Yo g a T h e r a p y Today | Winter 2016
By Kristine Kaoverii Weber and Brett Sculthorp
Link to full article:
Excerpts complied by Lauren Spiro
The MGH Benson-Henry Institute recently released a cohort study1 showing that relaxation practices like yoga postures, breathing practices, and meditation can reduce the need for medical care by 43%. A February 2015 report from the Centers for Disease Control and Prevention (CDC)2 cited yoga as one of the most commonly utilized complementary and integrative medicines in America.
While a growing number of researchers and federal agencies like the CDC and the National Institutes of Health (NIH) acknowledge the medical benefits of these practices, the question of how to integrate yoga into the healthcare system remains largely unaddressed by these agencies.
Launched in 2007 by the Institute for Healthcare Improvement (IHI), a nonprofit
focused on testing new models of care, best practices, and effective innovations,
The Triple Aim intends to optimize health system performance by serving three
goals: improving the health of populations, reducing costs, and improving patient
experience of care.
The Triple Aim is now widely looked to as a framework for creating better healthcare,
partly because it was adopted into the Affordable Care Act in 2010.
Yoga is accessible, adaptable, low risk, low cost, and has a broad and growing research base. It has the potential to be integrated into any number of services—for example, a mental health outpatient program at a community mental health center, a weight loss program in a health department, and an employee wellness program at a hospital.
The biopsychosocialspiritual model is considered the gold standard for understanding and treating many diseases.
When human beings are perceived as multilayered and intrinsic to their environments, the viewpoint of the causes of disease begins to shift, as do the approaches to disease treatment and prevention. Health is seen not as a purely biological or personal phenomenon; it is the result of an intricate web of interrelated factors, behaviors, patterns, and interactions. For yoga therapists, it may seem obvious that the benefits of yoga permeate all layers of this model, and research has demonstrated that yoga has numerous structural, physiological, mental health, and social benefits.
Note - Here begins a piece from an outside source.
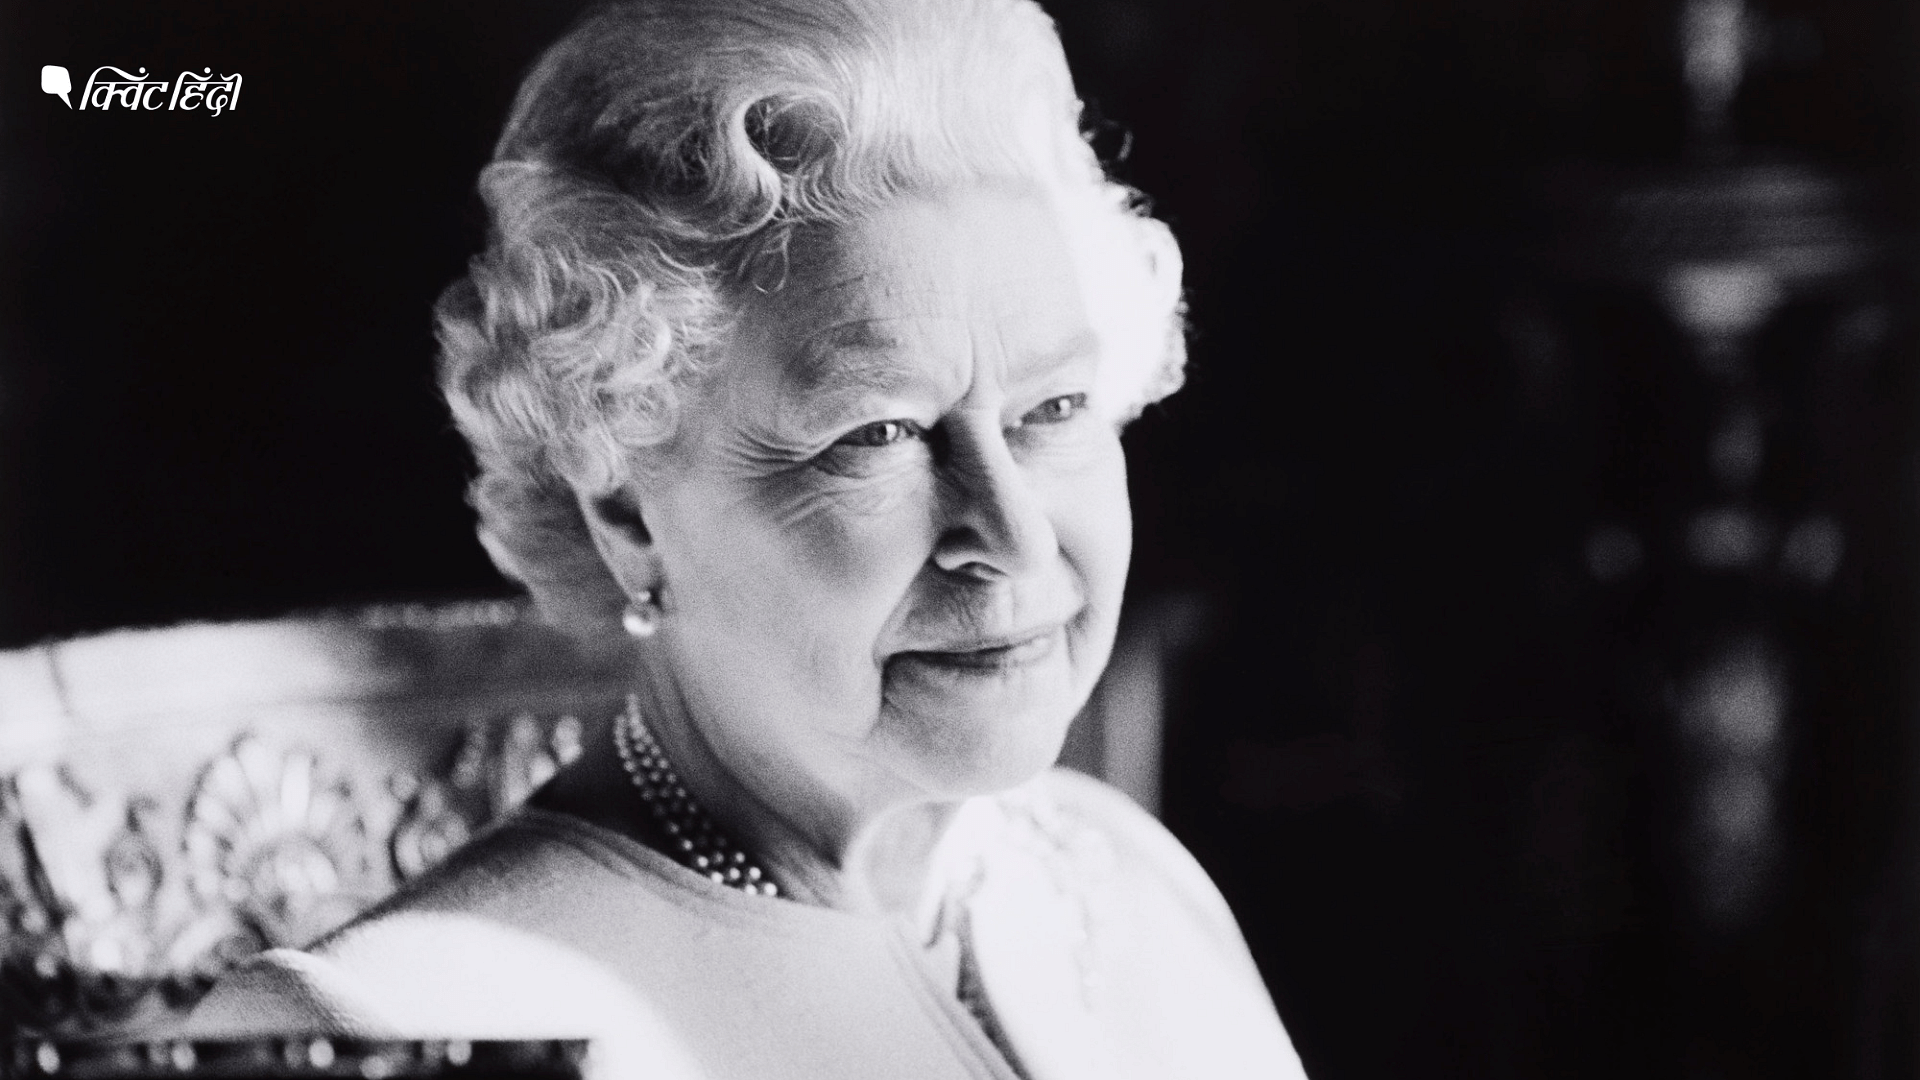 <div class="paragraphs"><p>Queen Elizabeth II का 96 साल की आयु में निधन</p></div>
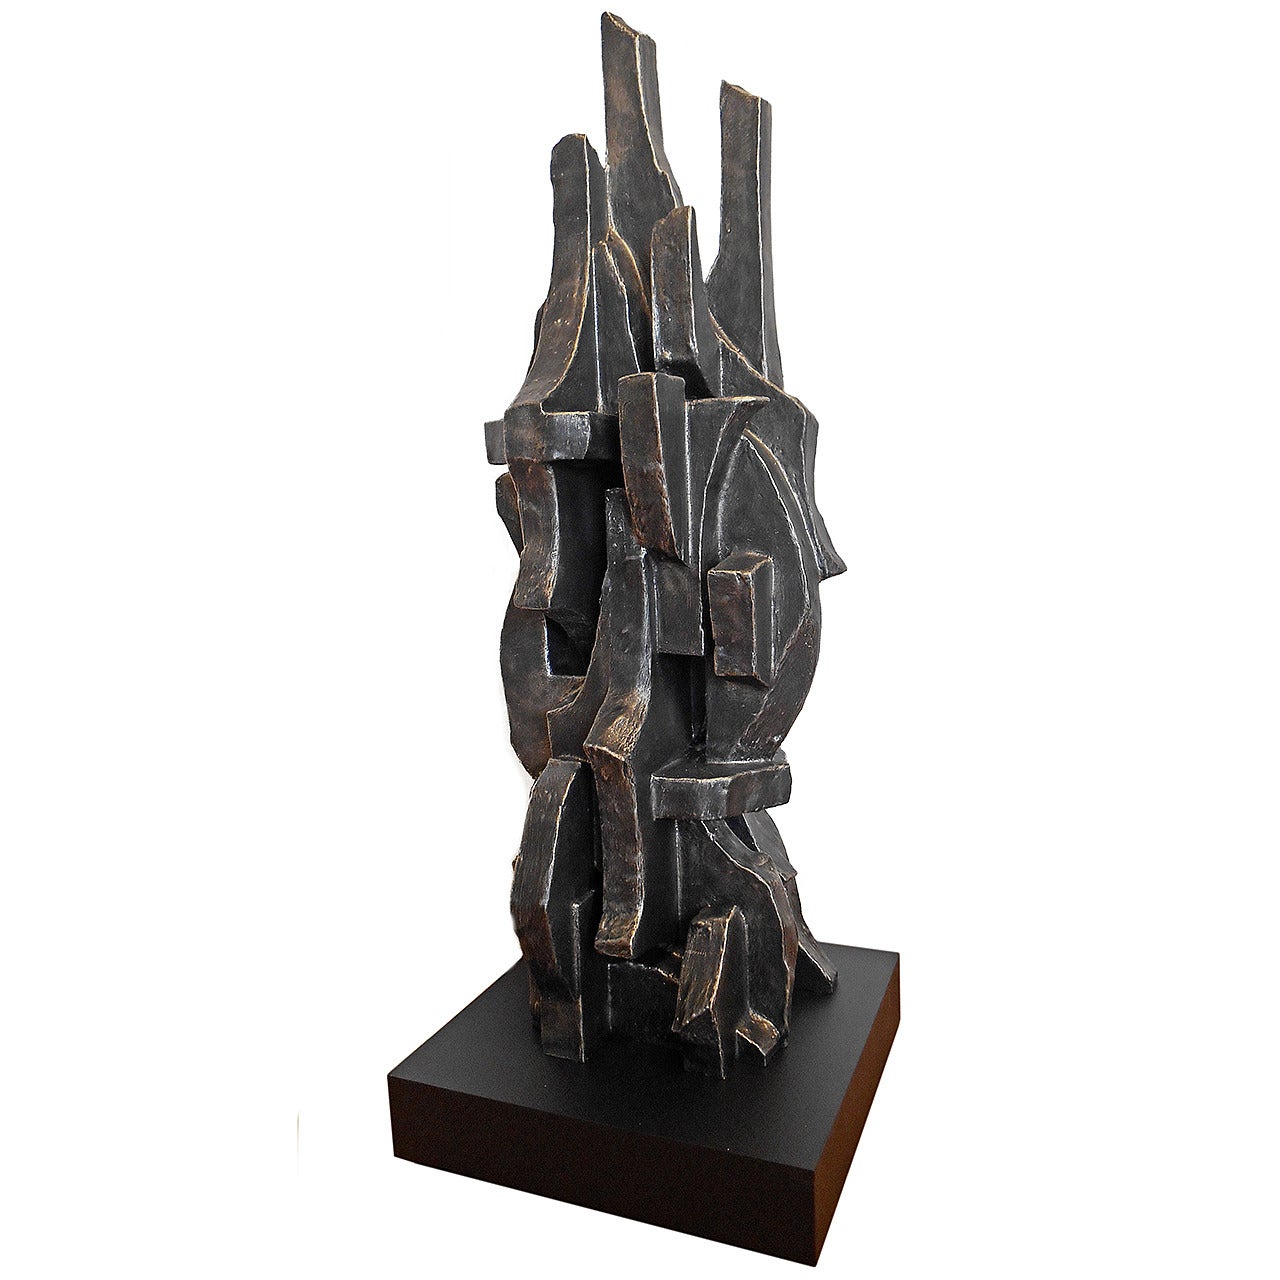 "Cities in Dust II" Totem Sculpture by Dan Schneiger

What may be less obvious to yoga therapists, however, is that these benefits can be scaled to population health through, for example, integrated care strategies that merge mental health and primary care services. If the well-known benefits of yoga—such as improved parasympathetic nervous system function and psychoemotional benefits—are scaled to the community level, we will start to see shifts in population health outcomes. Tremendus potential benefits to society could be realized by approaching yoga therapy through a population health lens.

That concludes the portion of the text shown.